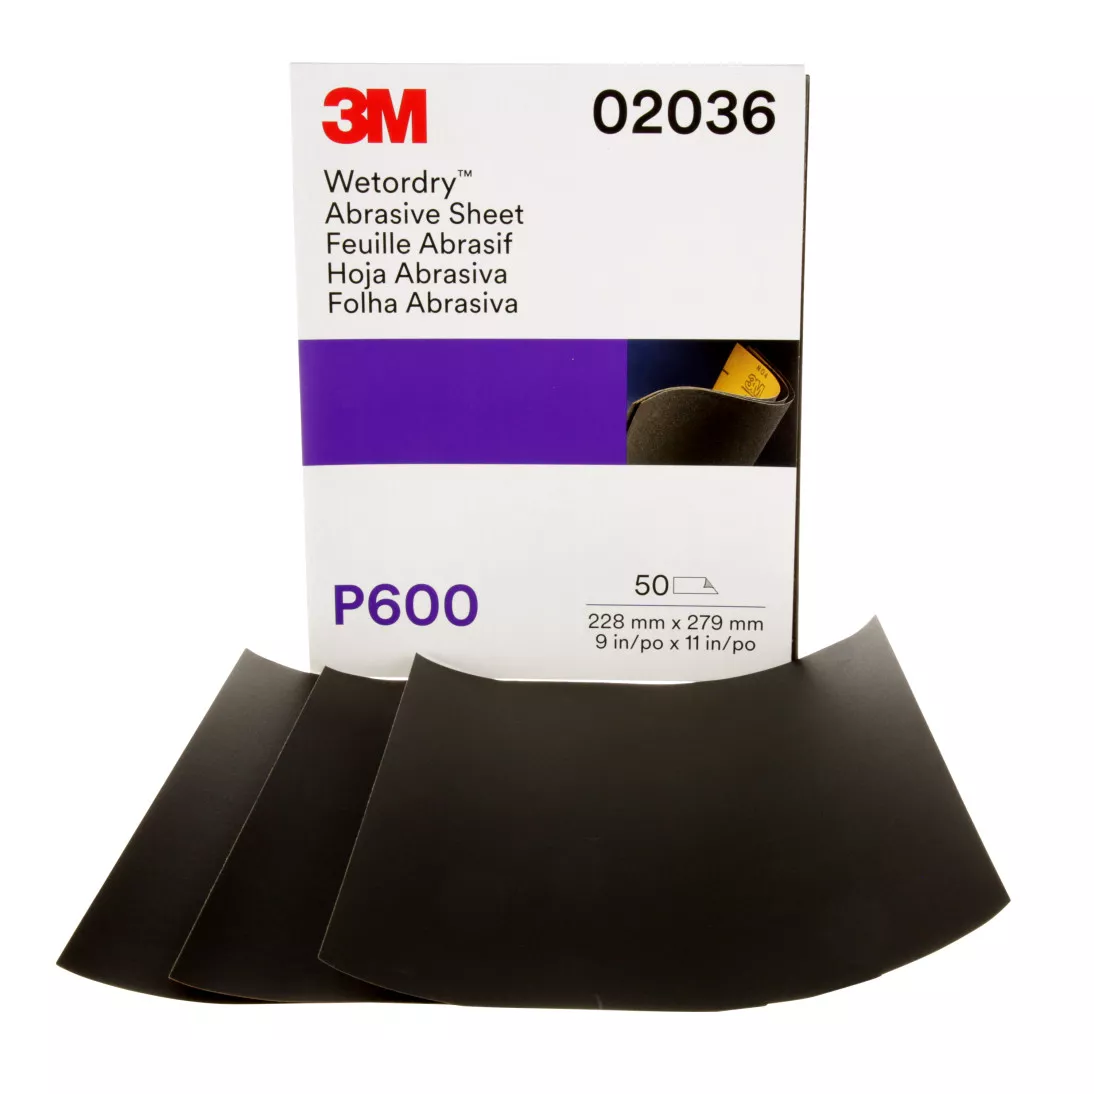 3M™ Wetordry™ Abrasive Sheet 213Q, 02036, P600, 9 in x 11 in, 50 sheets
per carton, 5 cartons per case
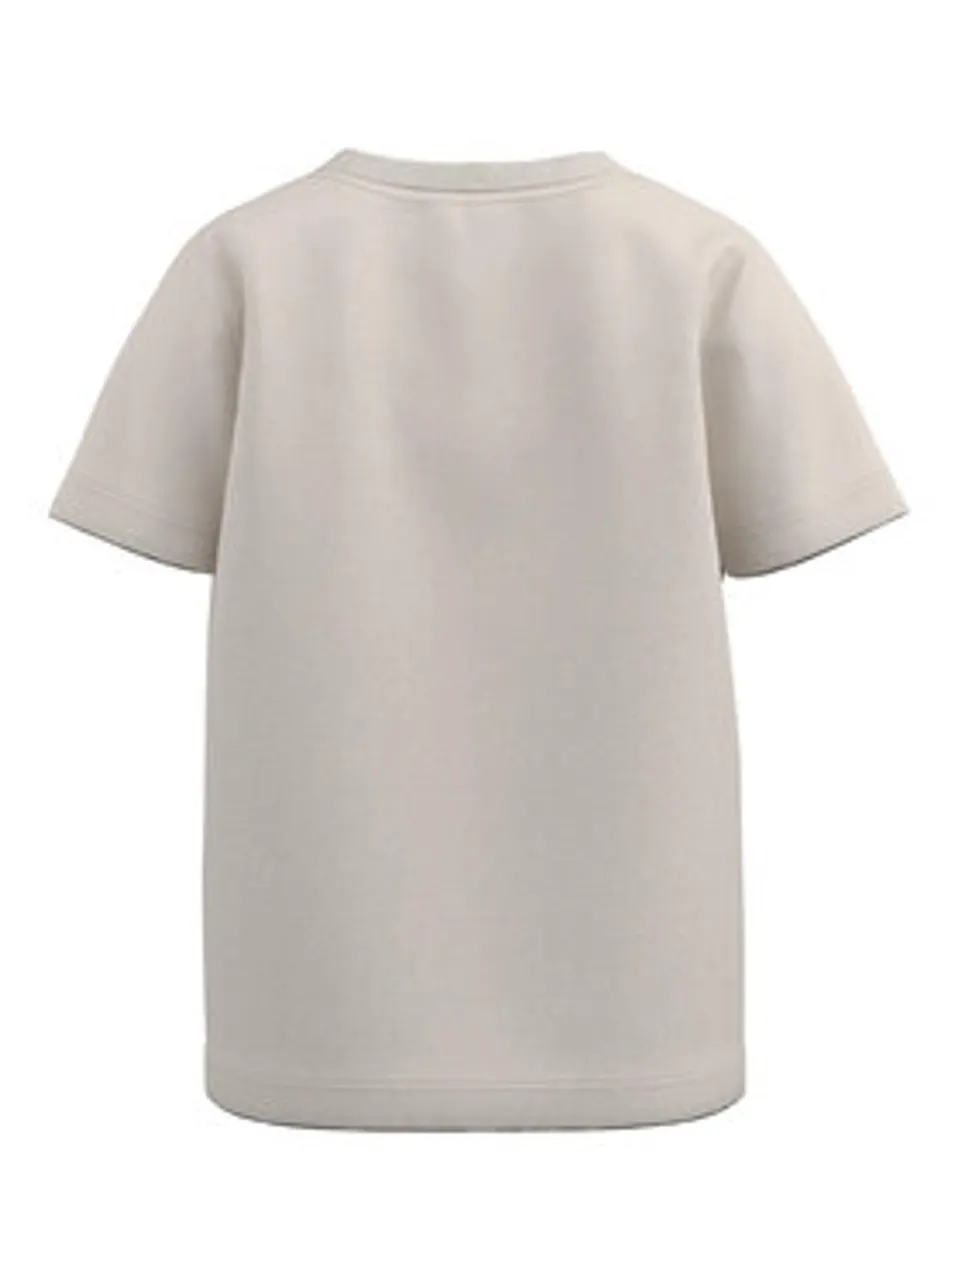 NAME IT T-Shirt 13213269 Weiß Regular Fit
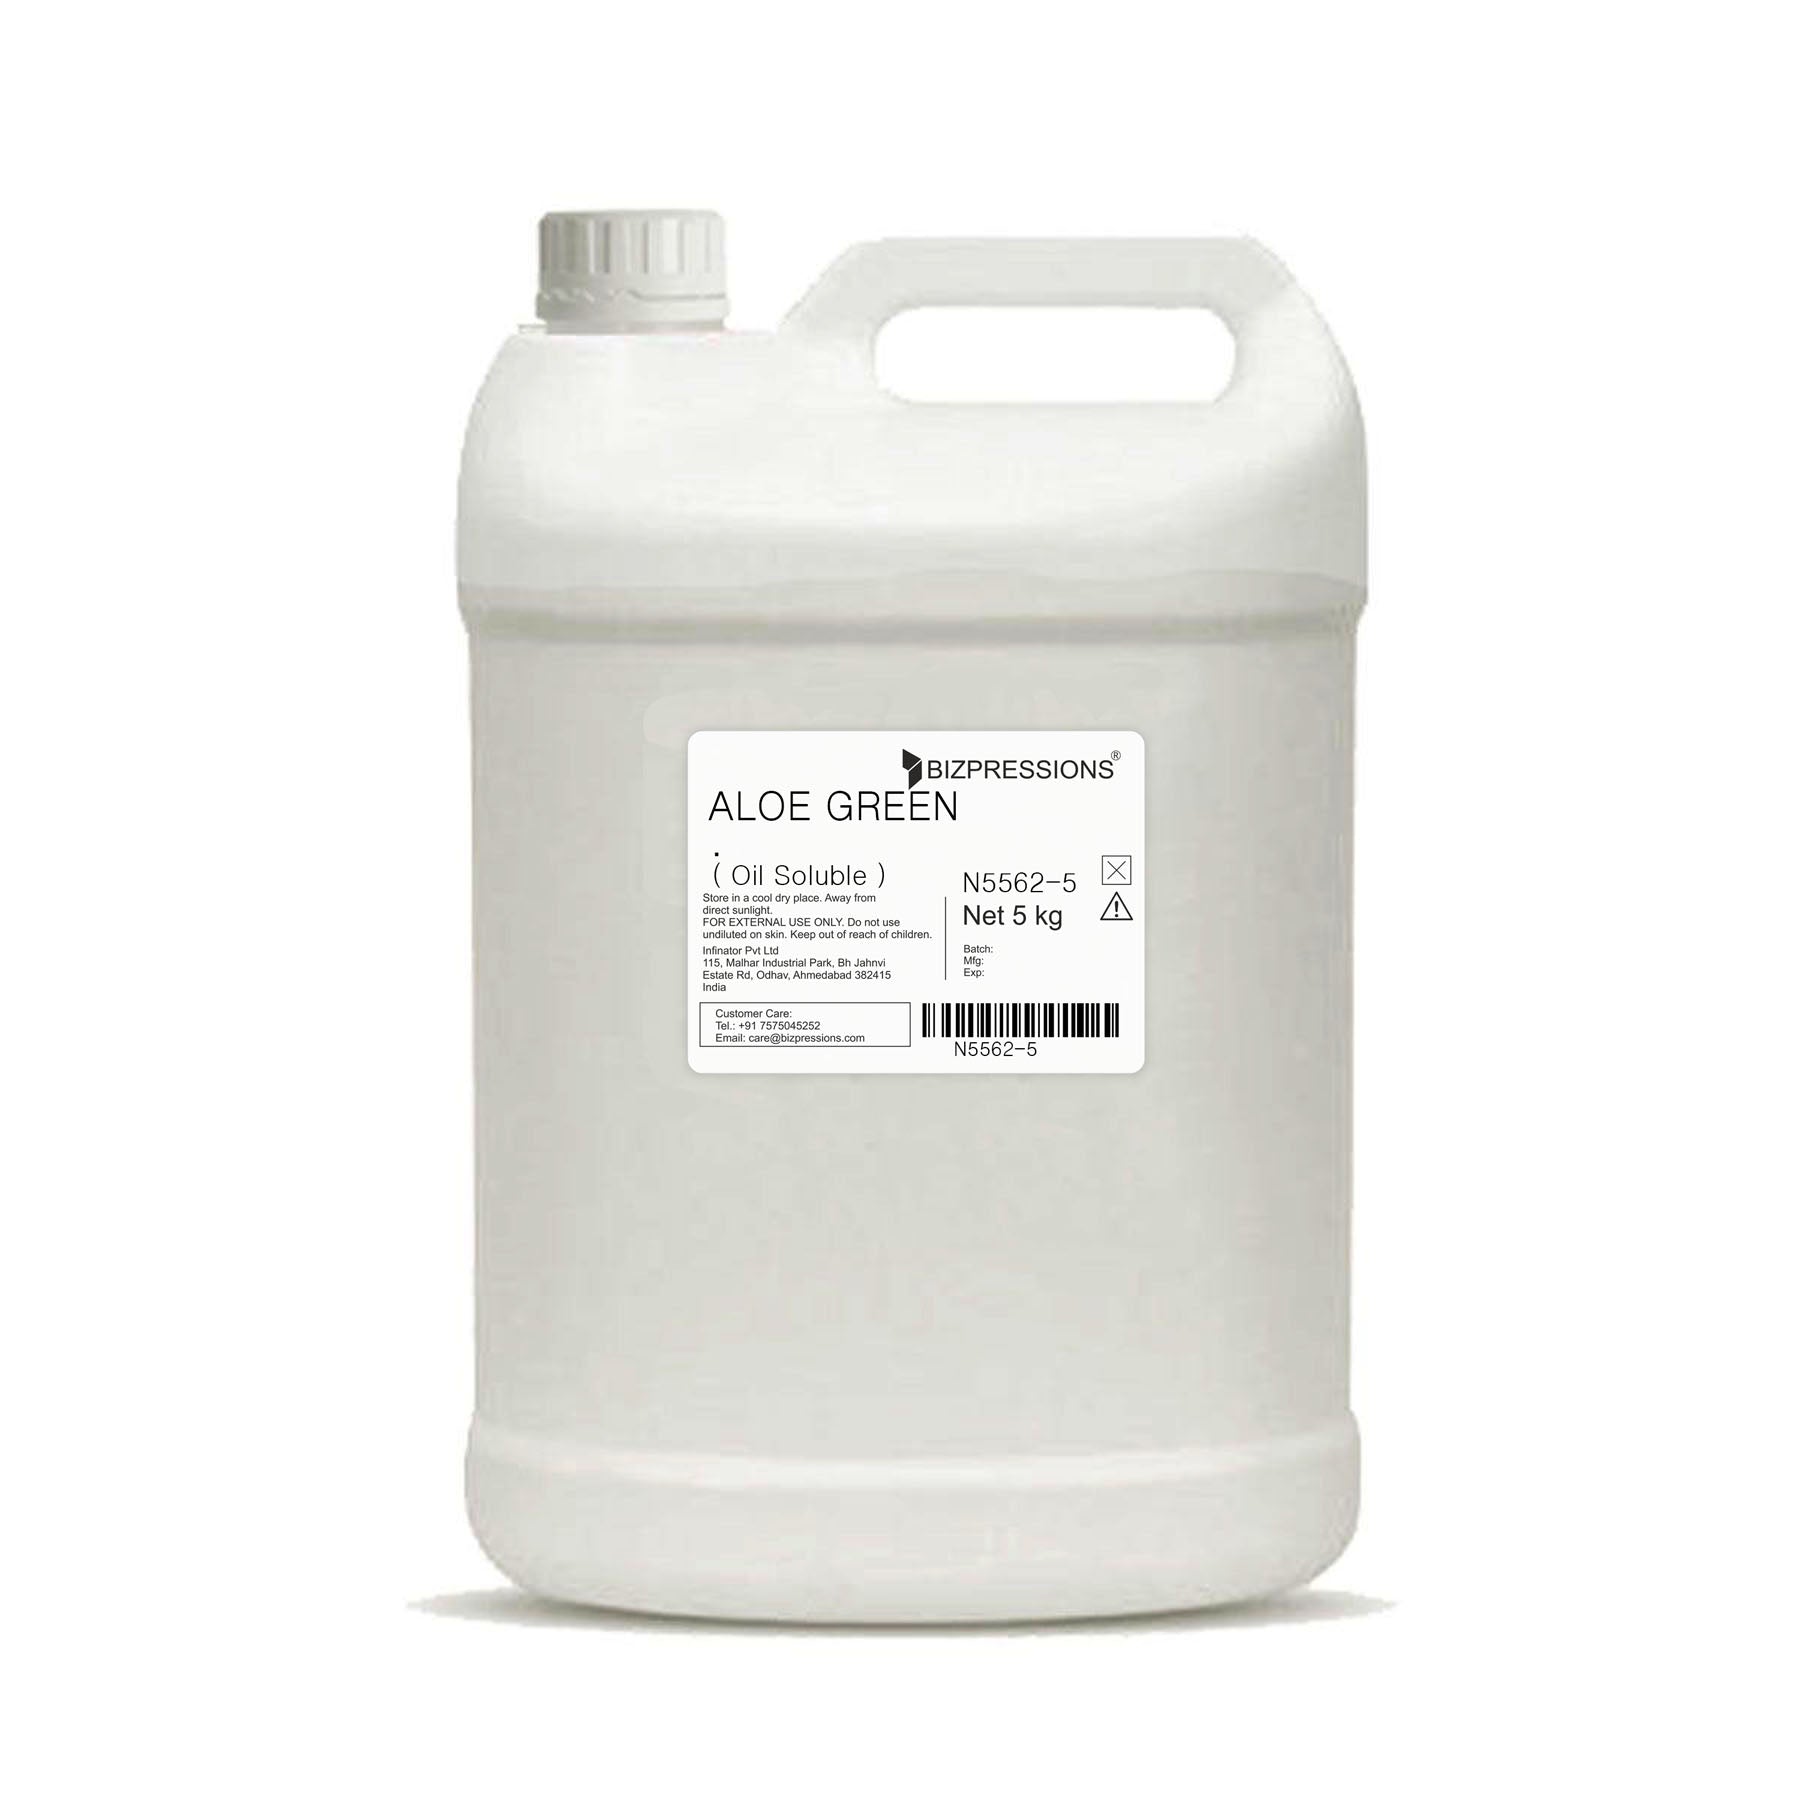 ALOE GREEN - Fragrance ( Oil Soluble ) - 5 kg
+ + + + + + +
■ WHAT YOU ARE ASKED TO DO ■
Write the lines from the one containing "NAME IT T-Shirt 13213269 Weiß Regular Fit" through the end of the data above exactly as they appear, and do not carry over any picture.

■ FINISHED TASK ■
 NAME IT T-Shirt 13213269 Weiß Regular Fit
 ALOE GREEN - Fragrance ( Oil Soluble ) - 5 kg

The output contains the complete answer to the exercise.